2023-06-07 10:00:13
Cach day, we carry out many tasks that cost us. We gladly agree to make this effort, because we know that we will be rewarded in return by a salary, or simply by the pleasure of having completed a project. Sometimes, unfortunately, it becomes difficult to motivate oneself or to concentrate. At this stage, we speak of real “mental fatigue”. If this occurs mainly when we have exhausted all our intellectual resources, it can also be the consequence of physical fatigue or lack of sleep.
Exhausted, we see everything as insurmountable and we feel incapable of carrying out the slightest activity. What is happening at this precise moment in our brain? Is it the effort required that seems impossible to us or the reward that suddenly does not seem so motivating to us? This question is at the center of recent research which shows that these two processes might well contribute to our demotivation.
In 2010, Julian Lim and his colleagues at the University of Pennsylvania installed participants in a scanner and asked them to react to a target by pressing a button as soon as it appeared, and this, with permanent vigilance, for twenty minutes. Over the course of the experiment, they noted not only a gradual increase in the time taken to detect the target, but also an increasingly noticeable feeling of mental fatigue.
Their results find a cerebral signature of attentional and cognitive cost in the parieto-frontal network of the right hemisphere. The activity of this network, very important at the beginning of the task, tends to decrease as the feeling of mental fatigue appears. In addition, brain activity recorded at rest, before the task, in two brain regions, the thalamus and the medial right frontal gyrus, predicted the decline in performance during the task. There would therefore also be cerebral markers of mental fatigue. But that’s not all: the more we feel tired, the more the reward may well lose its value in terms of the effort required.
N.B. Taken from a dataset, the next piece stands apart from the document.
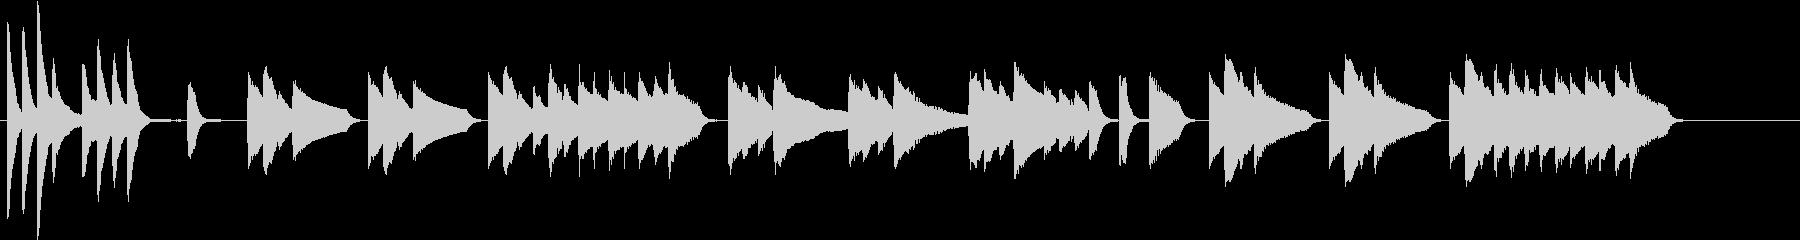 短いコミカルなピアノ曲の未再生の波形
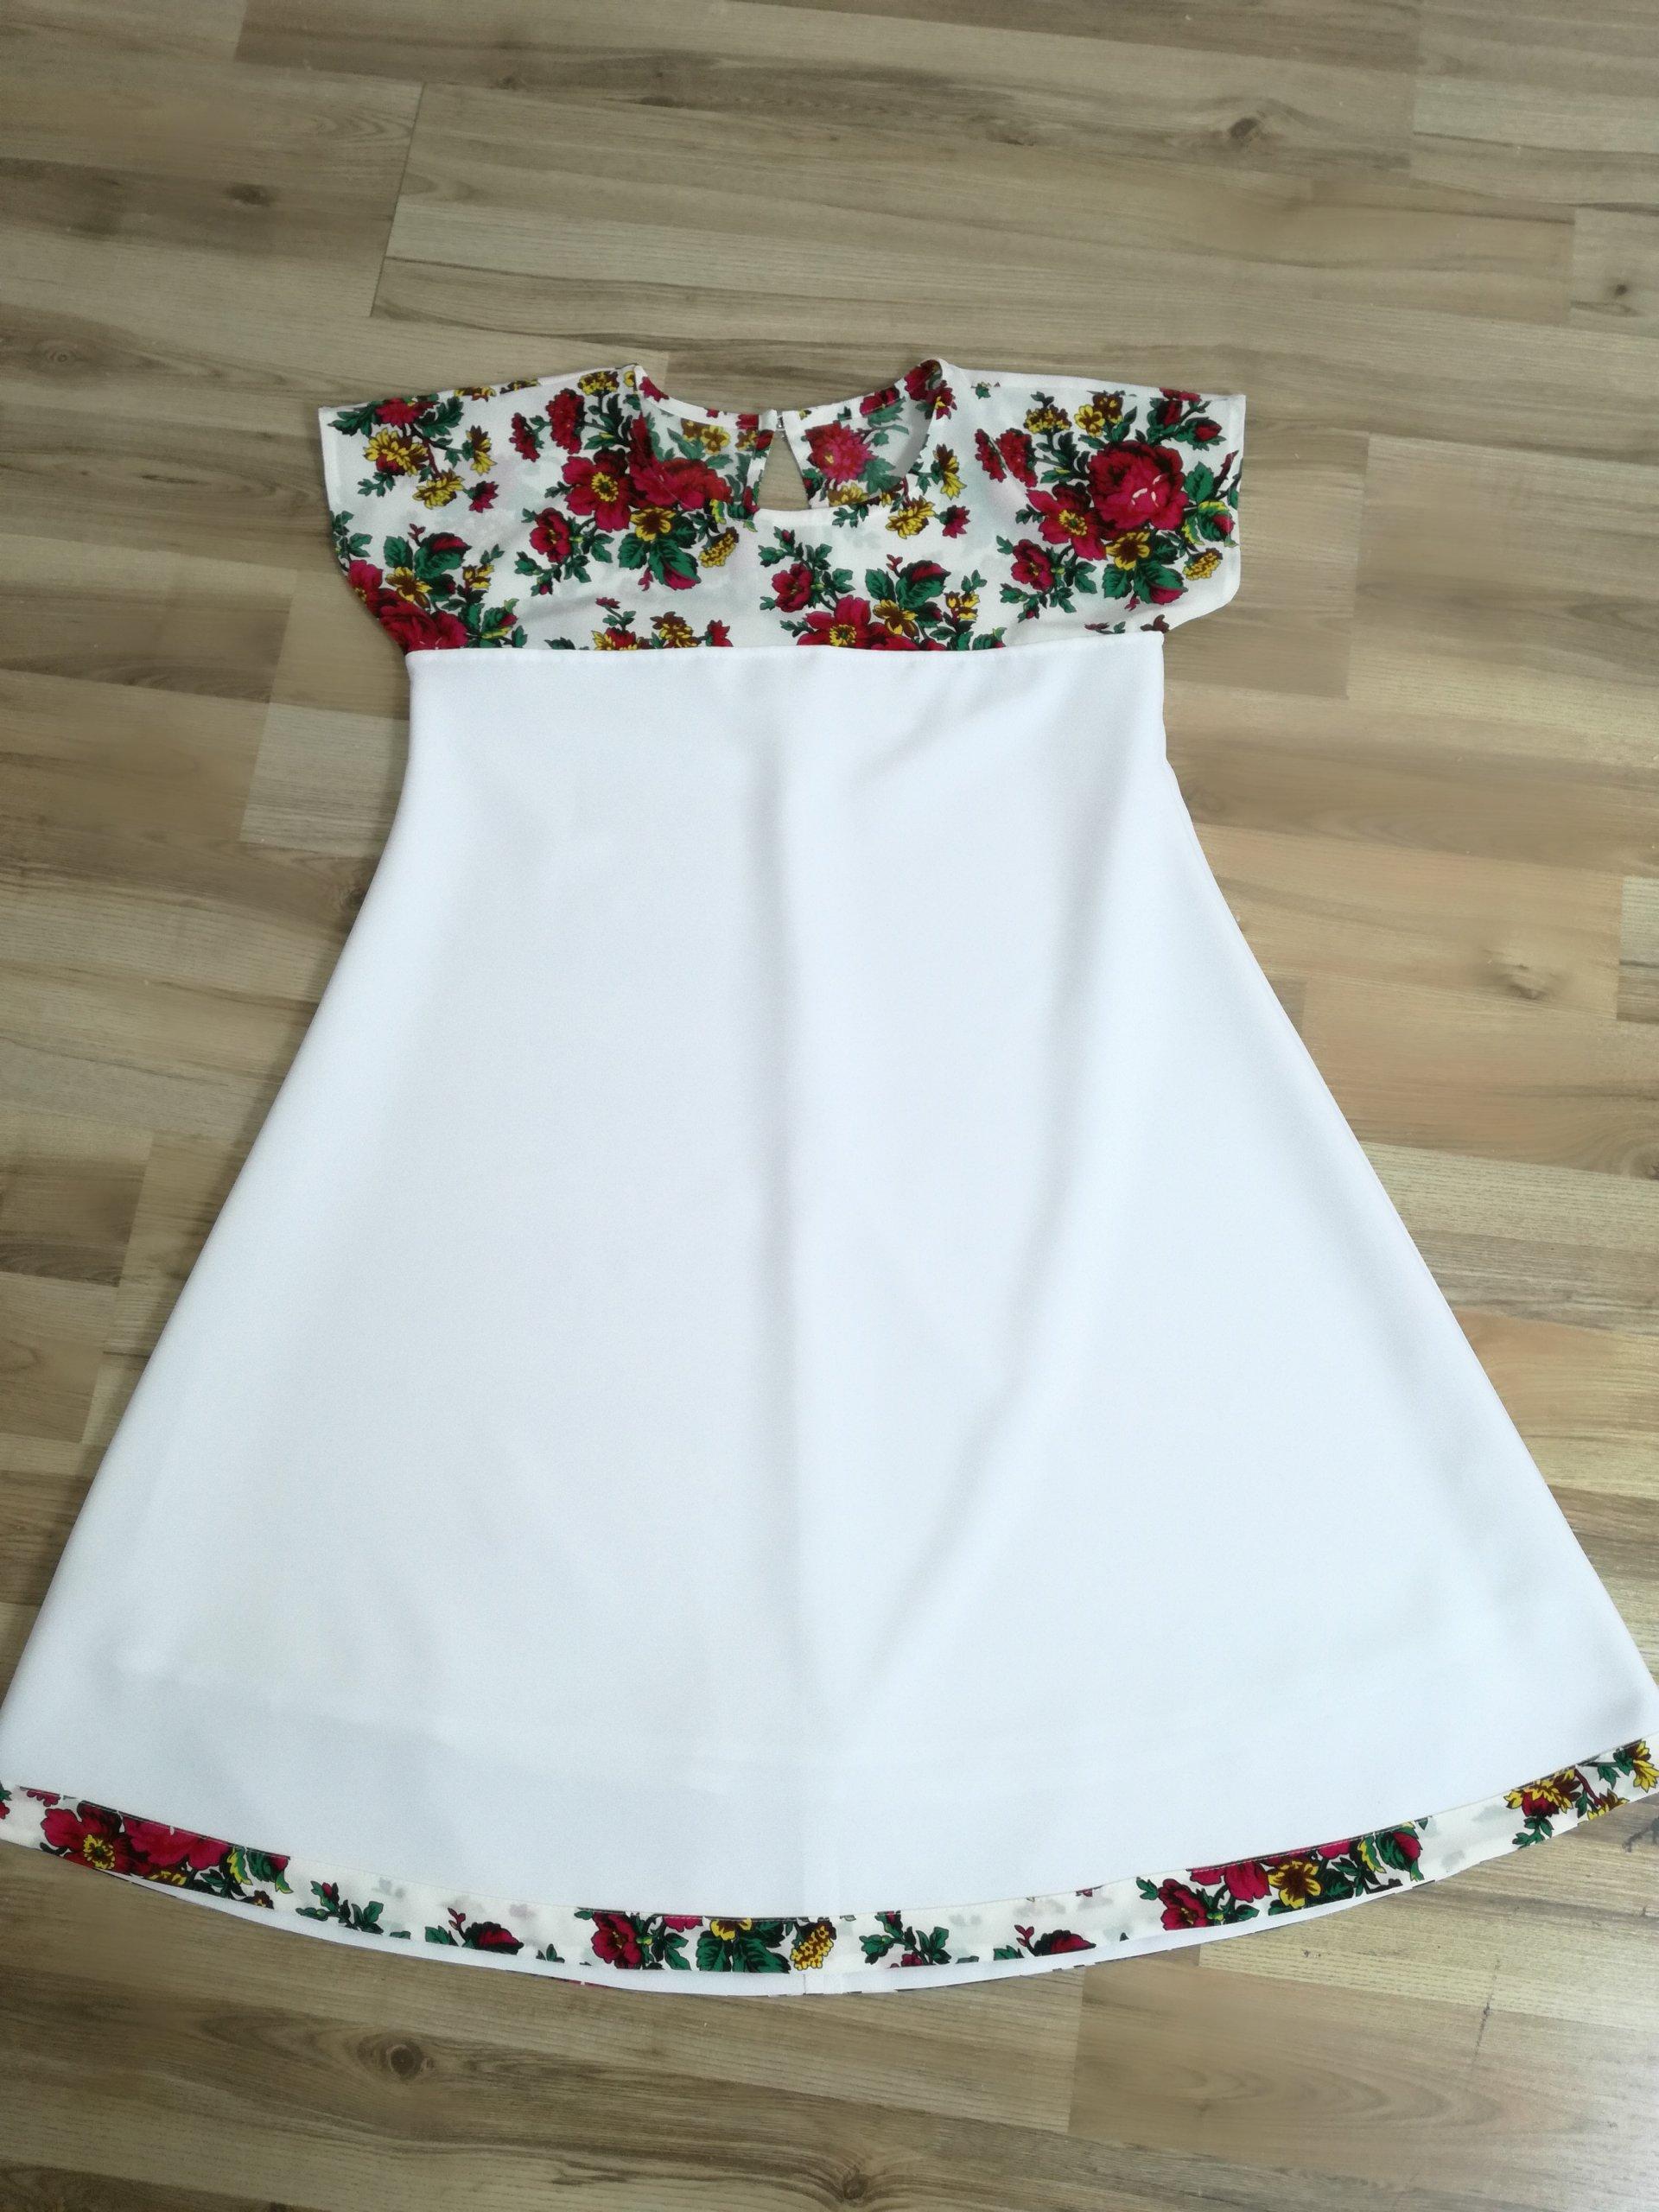 zestaw sukienek dla mamy i córki  folk  góralskie

The limited effect of short breaks
Tanja Müller and her colleagues from Oxford (UK) also installed participants in a scanner in 2021, asking them to perform a hand pressure effort to obtain a reward. At each trial, the subject might choose between five seconds of rest (no effort, but negligible reward) and five seconds of more or less intense work associated with a variable reward. The subjects might estimate the subjective value of the reward and the fatigue felt. Using this protocol, the authors were able to describe two distinct time scales on which fatigue and reward value impairment occur. These can be observed in the very short term during a task – and, in this case, a brief pause is beneficial –, but the authors also find, in the longer term, alterations on which a short pause does not has no significant effect.